Sara Cruz, que no disco faz a voz da Ana em dois temas, é uma jovem cantora açoriana, que em 2019 recebeu o prémio Novos Talentos NiT. Rogério conheceu-a por acaso. “Em Março de 2019 fui passar uma semana de férias a Ponta Delgada, porque a minha avó materna era de lá e eu ainda não tinha conseguido conhecer aquela ilha.” Na RDP Açores, onde foi para uma entrevista, tiveram de lhe emprestar uma guitarra. Era de Sara, que estava a estagiar lá, nesse momento. Antes da entrevista, puseram-lhe uma gravação dela e Rogério ouviu-a com atenção. “Fiquei absolutamente rendido à voz dela”, recorda. De tal modo que comunicou logo com José Fialho, a dizer que tinha encontrado a voz feminina para o disco.
Desertificação do interior
O Coreto foi antecipado em dois singles com videoclipes, ambos com realização de Daniel Mota: o primeiro, Abaladiça, foi um dos 20 vencedores (num total de mais de 400 temas a concurso) da iniciativa Inéditos da Vodafone e o vídeo foi gravado no coreto de Palmela; e o segundo, Quando nós formos velhinhos, conta com a participação dos actores Eunice Muñoz e Ruy de Carvalho e foi gravado no Teatro da Trindade, em Lisboa, onde o disco será apresentado ao vivo, em data a confirmar (esteve marcada, até agora, para 26 de Março).

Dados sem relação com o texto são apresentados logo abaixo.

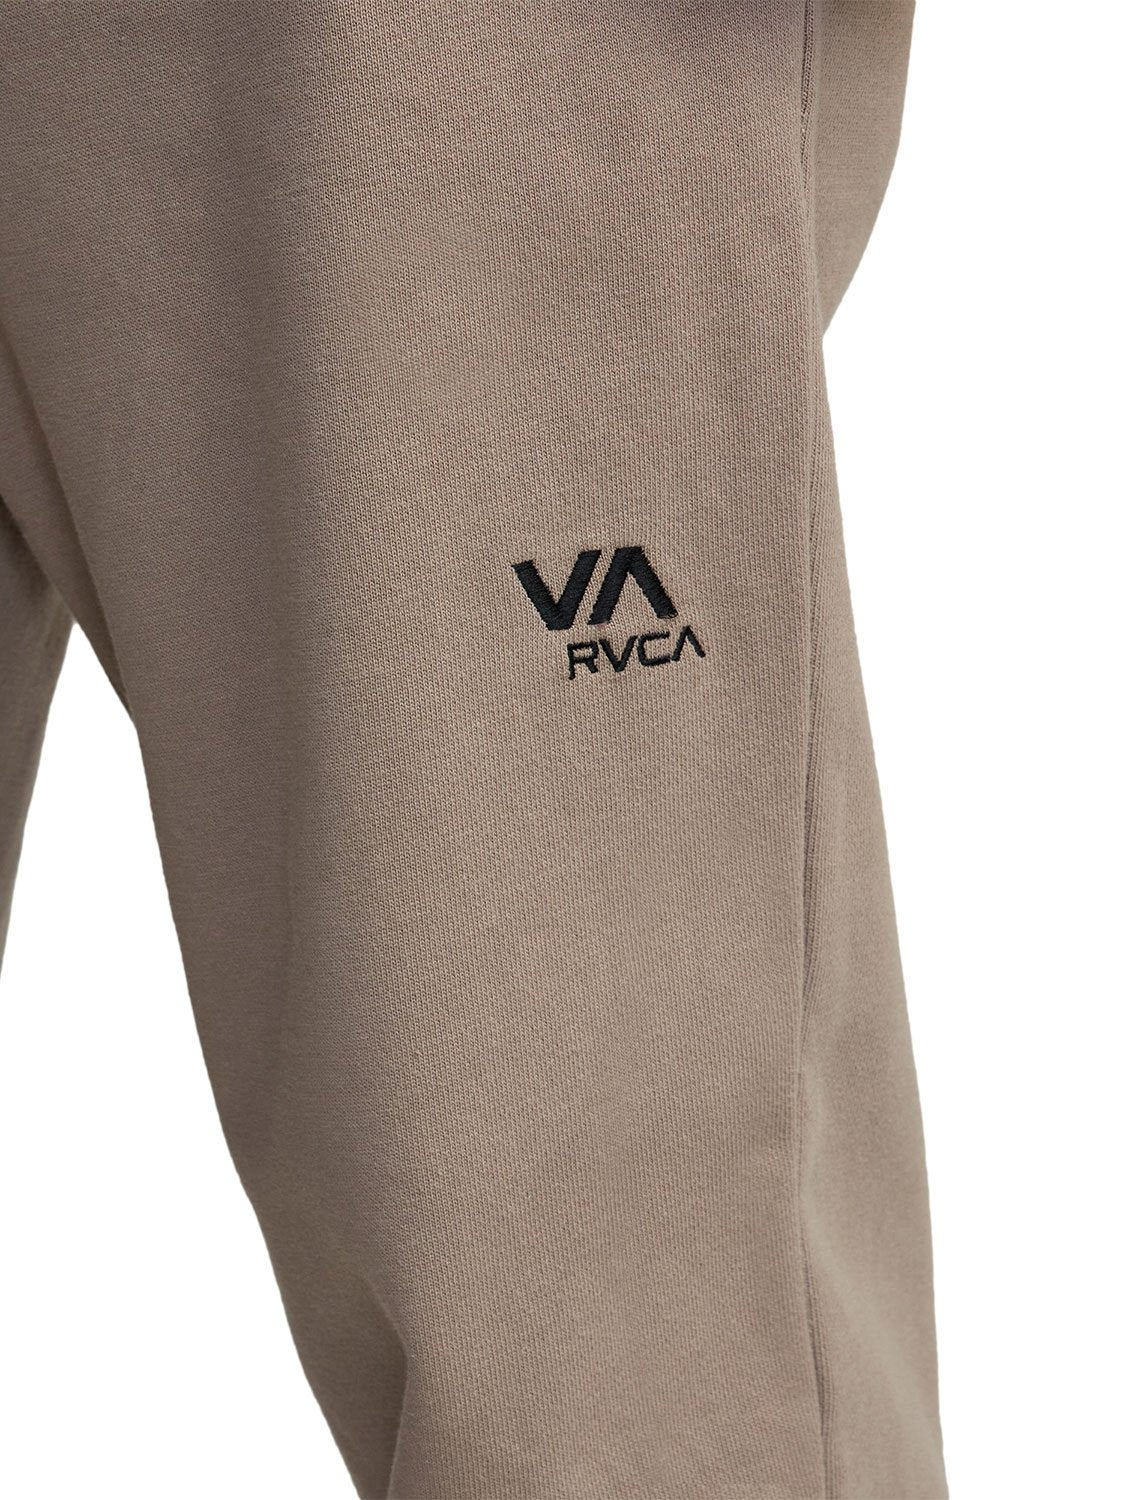 RVCA VA Essentials Sweatpant

A narrativa do disco, que é uma história contada em doze canções, reflecte uma realidade bem portuguesa, como diz José Fialho Gouveia: “Há um detalhe que talvez seja o lado mais político, no sentido amplo, deste trabalho, que a questão das desigualdades entre as grandes cidades e o interior do país e a desertificação desse interior, que acaba por ser uma peça-chave para o desenlace da história. E é a desertificação do interior que acaba por afastá-los.”

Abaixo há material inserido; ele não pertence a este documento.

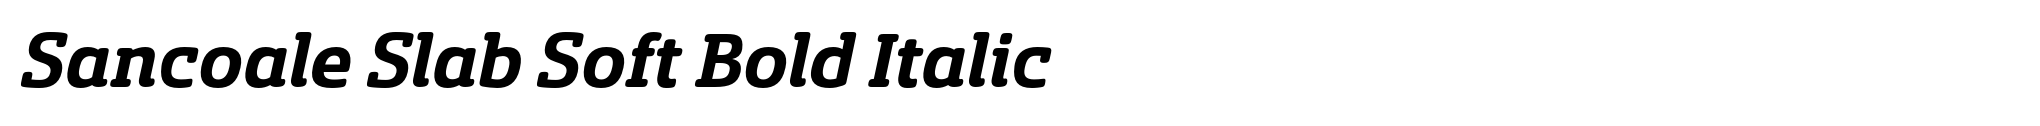 Sancoale Slab Soft Bold Italic image

Rogério: “Na cidade há de tudo, empregos, casas, mas há tudo em excesso e a um ritmo louco, alucinante, as casas estão a um preço muito complicado, as pessoas não têm tempo para viver, passam demasiado tempo no trânsito, no barulho, sem tempo para contemplar a vida. E do lado de quem está no interior é precisamente o contrário: há tempo, há espaço, há qualidade de vida, mas não há hospital, já não há posto de correios, não há vida a mexer.”
Voltar à aldeia dos pais
Quanto ao disco, Rogério diz que as reacções têm sido de reconhecimento: “Agrada-me muito as pessoas dizerem: ‘Isto faz-me lembrar a aldeia dos meus pais, eu consegui transportar-me para ali, para reviver a minha infância’. Porque esta coisa de voltar à aldeia dos pais há milhões de pessoas que se identificam com isso, já que foram viver para longe do sítio onde nasceram. E nós tentámos ao máximo construir um contexto de aldeia com o qual as pessoas se identificassem, com a romaria, a tasca, até com as personagens. Tentámos ao máximo que a história fosse credível e que as pessoas vissem aqui o retrato de um país assimétrico, com 70 por cento das pessoas enfiadas nas grandes cidades enquanto todo o resto do país está a morrer ao abandono. O discurso político aborda sempre isto em todas as eleições, mas os anos passam e nada se resolve. Quanto mais tempo passar, mais difícil é fazer com que as pessoas possam voltar ao interior e aos seus sítios.”
José Fialho acrescenta: “E não é preciso ir ao Portugal profundo. Eu estou na zona oeste e na altura do Natal foi uma odisseia para conseguir comprar envelopes de correio verde, porque já tinham fechado dois postos de correios, vai toda a gente ao mesmo posto e estive uma hora na fila, à chuva, para comprar envelopes. Isto no litoral, com o mar ali ao pé.”